Stenenkruisstraat

StenenkruisstraatAlgemene Begraafplaats aan de Stenenkruisstraat 1811 -1905

Geschiedenis
Na de inlijving van het Koninkrijk Holland bij het Franse keizerrijk in 1810 kwam er een verbod op begraven binnen de stadsmuren en in kerkgebouwen en kloosters. Op grond van dit verbod besloot het stadsbestuur op 13 november 1810 een algemene begraafplaats aan te leggen buiten de Hertogsteegpoort, aan de latere Stenenkruisstraat.

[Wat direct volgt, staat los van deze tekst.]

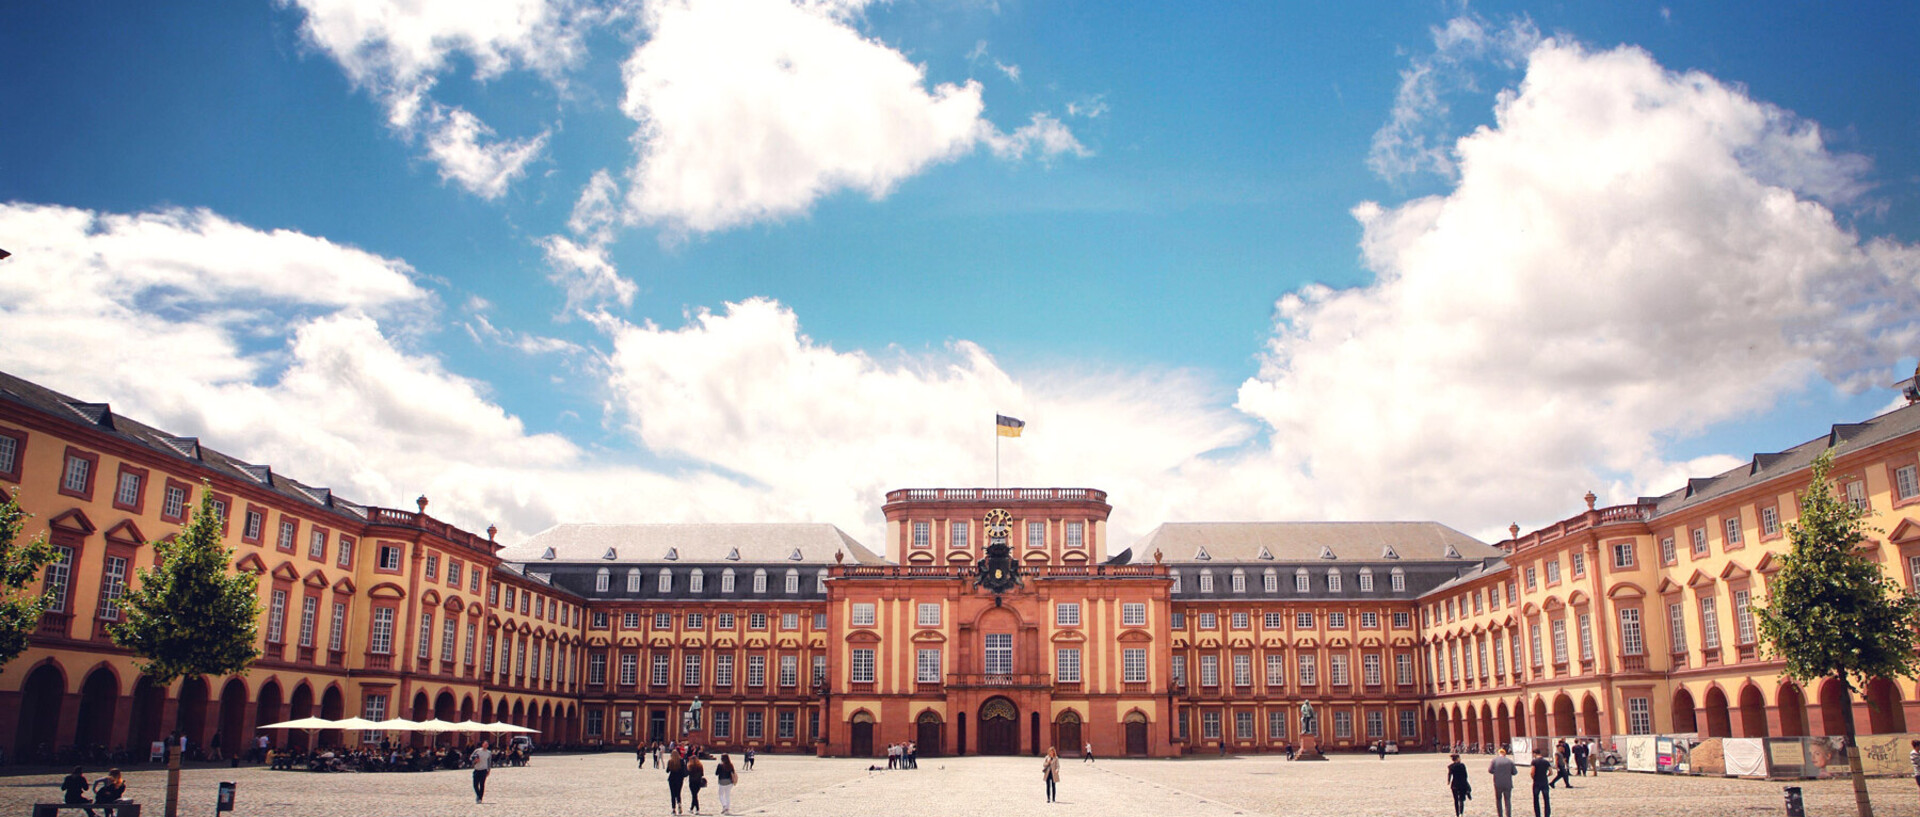 Das Barock-Schloss der Universität Mannheim steht unter blauem Himmel. Es ist von unzähligen Fenstern, rotem Sandstein und einer gelben Fassade geprägt.

Dit terrein behoorde tot de vestinggronden die in 1808 door Lodewijk Napoleon aan de stad geschonken waren. Op 20 mei 1811 vond de eerste begrafenis plaats. Kort daarna werd de begraafplaats opgesplitst. Er waren van noord naar zuid een rooms-katholiek, twee hervormde en een joods gedeelte. Van de huidige Wedren tot de Fort Kijk in de Potstraat.
In 1814 werden de vestinggronden weer rijkseigendom, maar de kerkgenootschappen mochten hun doden blijven begraven op de algemene begraafplaats. Het joodse gedeelte werd niet meer gebruikt, omdat er vanaf 1814 weer begraven mocht worden op de joodse begraafplaats bij de Mariënburg. De Vestingwet in 1874 betekende voor Nijmegen dat zij zich van haar stadswallen en -muren mocht ontdoen. Nijmegen kwam in het bezit van de oude vestinggronden waardoor de oppervlakte van de gemeente fors toenam. Na de sloop van de vestingmuren werden vooral in het zuiden en oosten van de oude stad nieuwe woningen gebouwd.
Ook de katholieke en hervormde geloofsgemeenschappen vertrokken (in 1885 resp. 1897) naar hun eigen nieuwe begraafplaatsen. Omdat de Algemene Begraafplaats steeds meer binnen de bebouwing kwam te liggen, besloot het gemeentebestuur deze per 1 januari 1905 te sluiten. In 1925 werd besloten het rooms-katholieke gedeelte van de begraafplaats te ontruimen en als wandelpark in te richten: het Julianapark. Een jaar later werd ook het zuidelijk deel van de hervormde begraafplaats geruimd en bij het park getrokken. Het resterende middengedeelte werd omheind met een ijzeren hekwerk.
De kern van het bewaarde gedeelte wordt gevormd door een opvallend vlak grafveld met 179, 5 m diepe, grafkelders. Daarnaast zijn er nog 408 zandgraven. De bijzettingen zijn de overledenen uit de bestuurlijke bovenlaag en uit andere toonaangevende families. Vaak zijn er straten naar hen genoemd, namen van: burgemeesters, wethouders, ministers en een premier. Ook 27 leden van (Europese) adel, waaronder een prins en 55 militairen, deels van het KNIL zijn hier bijgezet, 6 militairen waren drager van de Willemsorde.
In 1962 veranderde de naam van het deel van de Stenenkruisstraat dat aan de begraafplaats grensde in de Prins Bernhardstraat. De Coehoornstraat werd verbonden met de Prins Bernhardstraat. De begraafplaats wordt beheerd door de gemeente Nijmegen.

Begraafregisters
De registers van de begraafplaats aan de Stenenkruisstraat zijn verloren gegaan. Van de periode 1829-1869 zijn wel registers van de eigenaren van de graven op de begraafplaats bewaard gebleven (Regionaal Archief Nijmegen, Nederlands Hervormde Gemeente Nijmegen stad en land 1591-1994, inv.nrs. 539-540). Ook is een register bewaard gebleven waarop de eigenaren van de grafkelders op de begraafplaats staan vermeld (Regionaal Archief Nijmegen, Secretarie Gemeente Nijmegen 1946-1984, inv.nr. 1245).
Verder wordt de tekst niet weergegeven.